Departamento de Químíca Física I, Facultad de Ciencias Químicas, Universidad Complutense , E-28040 Madrid, Spain.
J Chem Inf Model. 2014 Jan 27;54(1):302-13. doi: 10.1021/ci4005833. Epub 2013 Dec 31.
Rotamer libraries usually contain geometric information to trace an amino acid side chain, atom by atom, onto a protein backbone. These libraries have been widely used in protein design, structure refinement and prediction, homology modeling, and X-ray and NMR structure validation. However, they usually present too much information and are not always fully compatible with the coarse-grained models of the protein geometry that are frequently used to tackle the protein-folding problem through molecular simulation. In this work, we introduce a new backbone-dependent rotamer library for side chains compatible with low-resolution models in polypeptide chains. We have dispensed with an atomic description of proteins, representing each amino acid side chain by its geometric center (or centroid). The resulting rotamers have been estimated from a statistical analysis of a large structural database consisting of high-resolution X-ray protein structures. As additional information, each rotamer includes the frequency with which it has been found during the statistical analysis. More importantly, the library has been designed with a careful control to ensure that the vast majority of side chains in protein structures (at least 95% of residues) are properly represented. We have tested our library using an independent set of proteins, and our results support a good correlation between the reconstructed centroids from our rotamer library and those in the experimental structures. This new library can serve to improve the definition of side chain centroids in coarse-grained models, avoiding at the same time an excessive additional complexity in a geometric model for the polypeptide chain.

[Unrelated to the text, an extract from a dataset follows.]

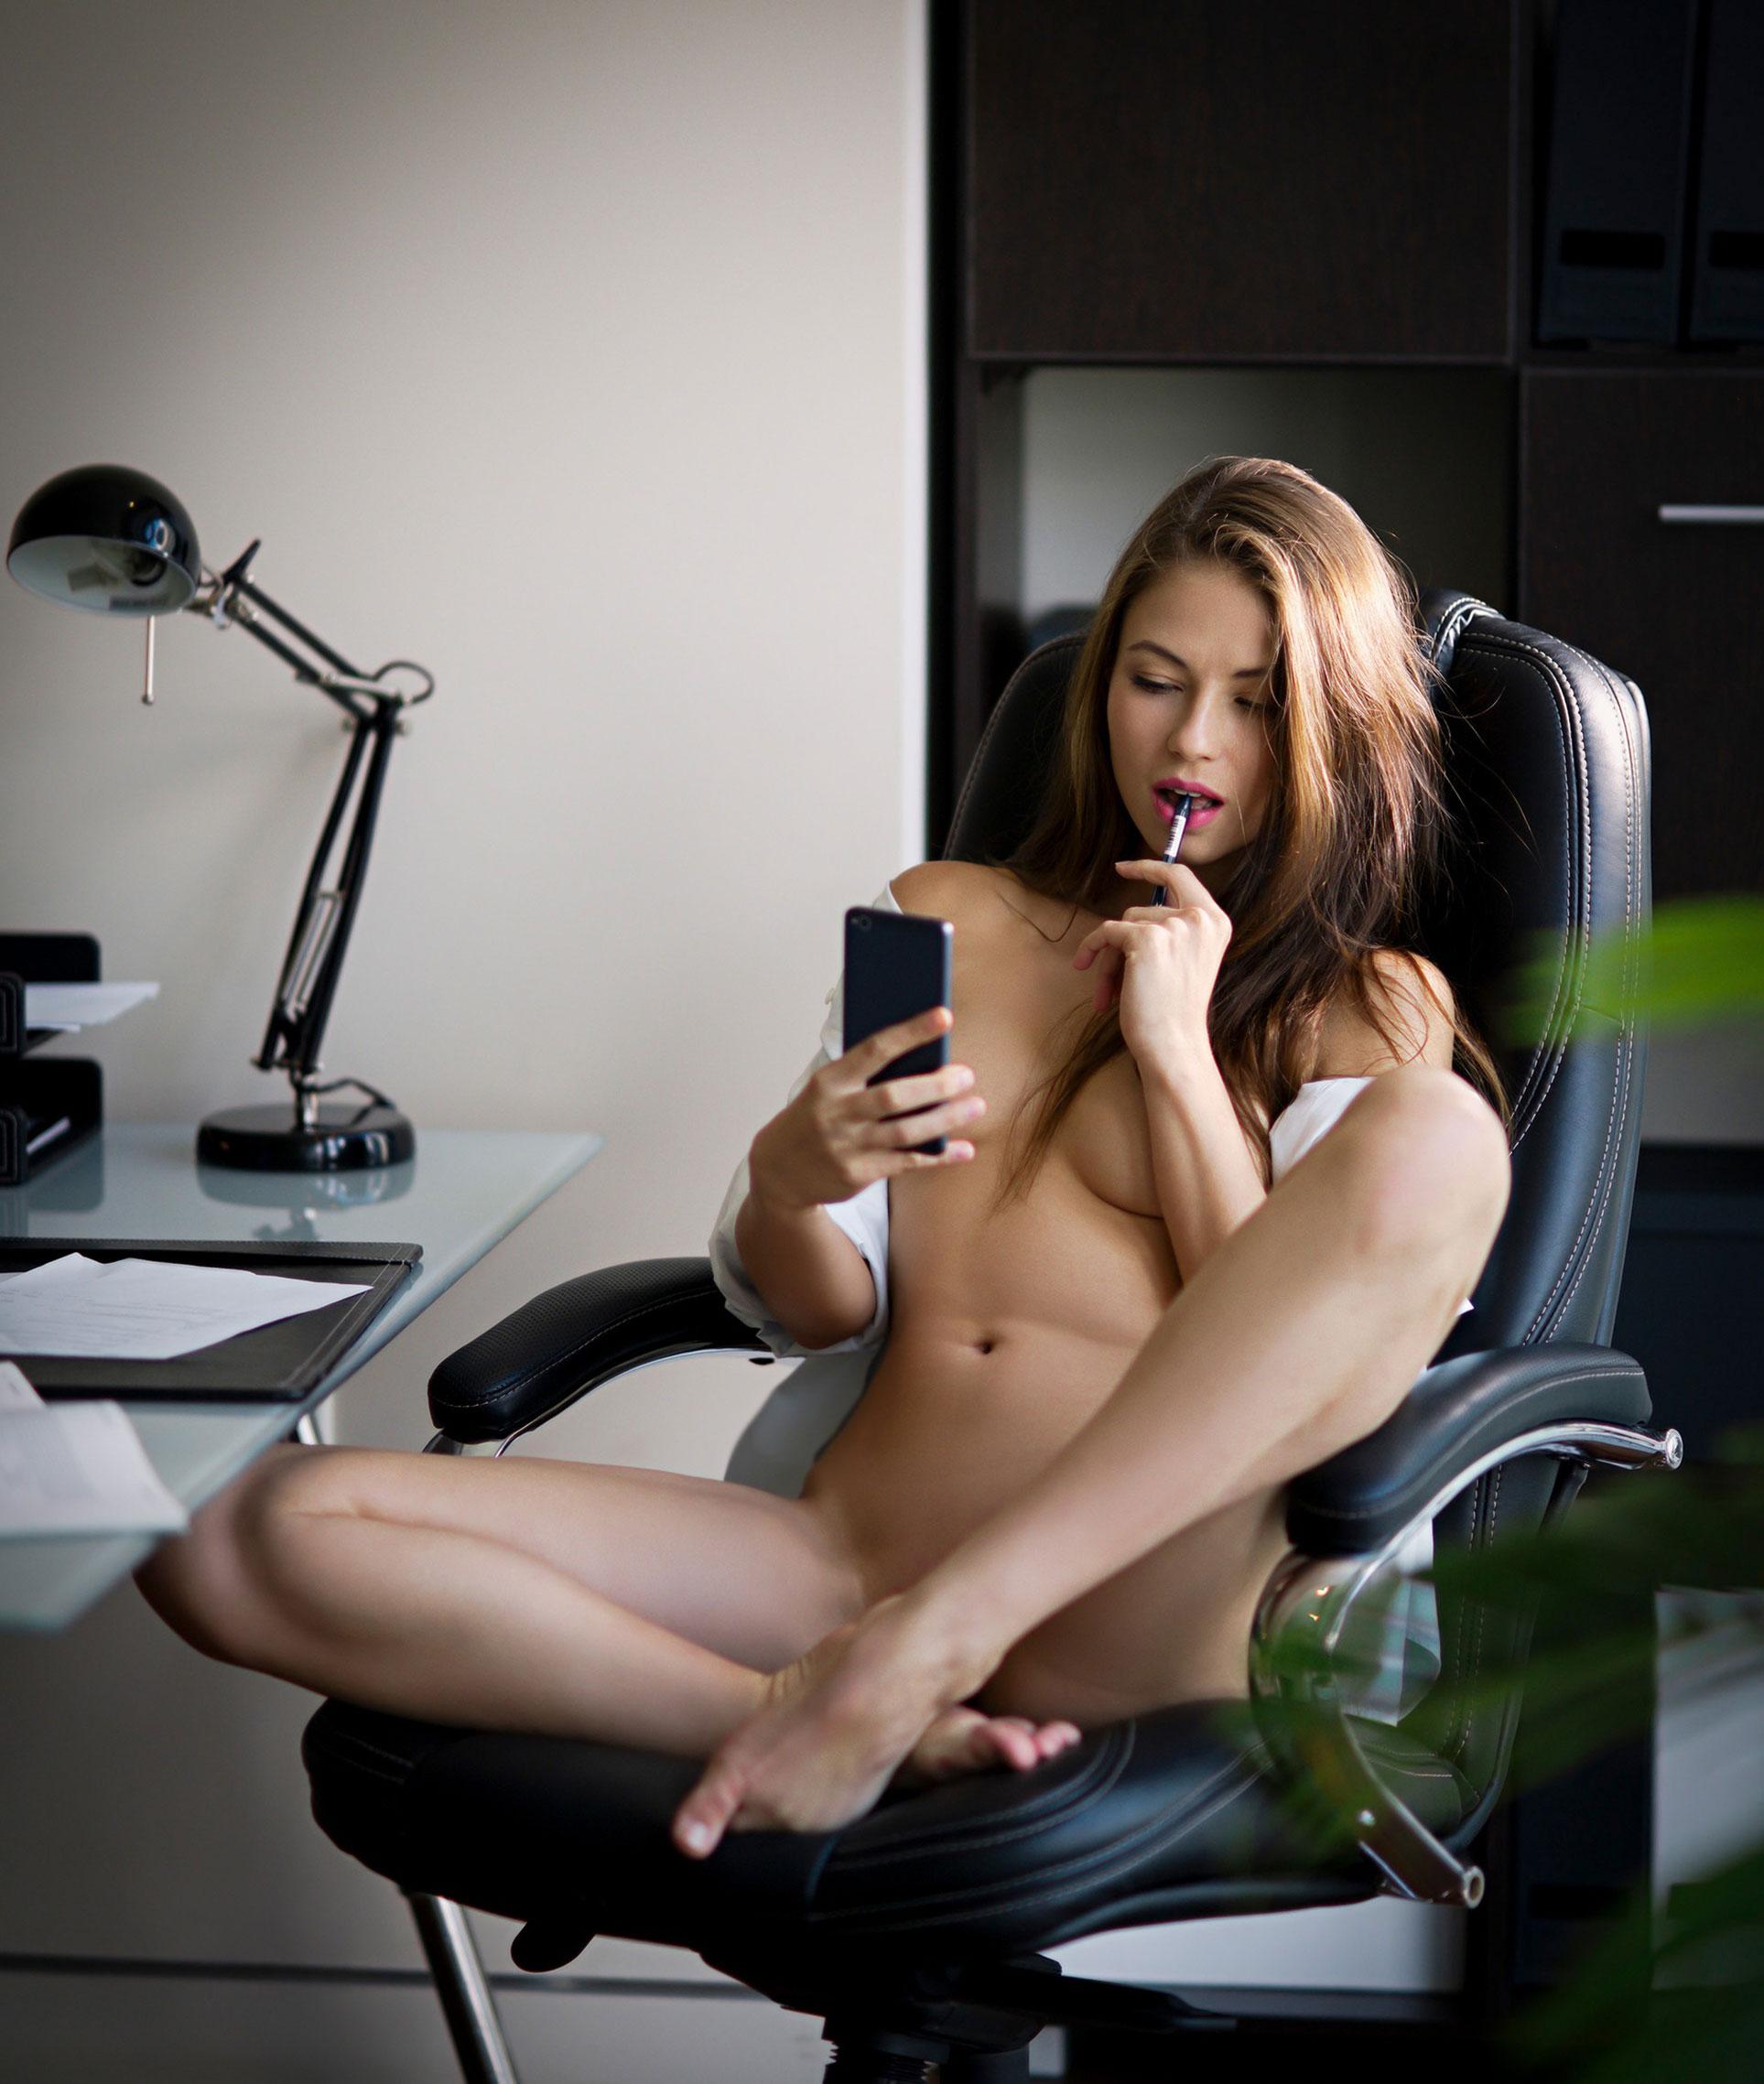 сексуальная Виктория Алико в роли секретарши мечты / фото 07

构象文库通常包含用于追踪氨基酸侧链的几何信息,原子一个接一个地映射到蛋白质骨架上。这些文库已广泛应用于蛋白质设计、结构精修和预测、同源建模以及 X 射线和 NMR 结构验证。然而,它们通常包含过多的信息,并且并不总是完全与蛋白质几何形状的粗粒度模型兼容,这些模型经常用于通过分子模拟解决蛋白质折叠问题。在这项工作中,我们引入了一种新的与低分辨率模型兼容的侧链依赖的构象文库。我们放弃了对蛋白质的原子描述,而是用每个氨基酸侧链的几何中心(或质心)来表示。所得的构象通过对由高分辨率 X 射线蛋白质结构组成的大型结构数据库的统计分析来估计。作为附加信息,每个构象都包含在统计分析中发现它的频率。更重要的是,该文库的设计经过精心控制,以确保蛋白质结构中的绝大多数侧链(至少 95%的残基)得到适当表示。我们使用一组独立的蛋白质测试了我们的文库,我们的结果支持从我们的构象文库重建的质心与实验结构中的质心之间的良好相关性。这个新的文库可以用来改进粗粒度模型中侧链质心的定义,同时避免在多肽链的几何模型中增加过多的复杂性。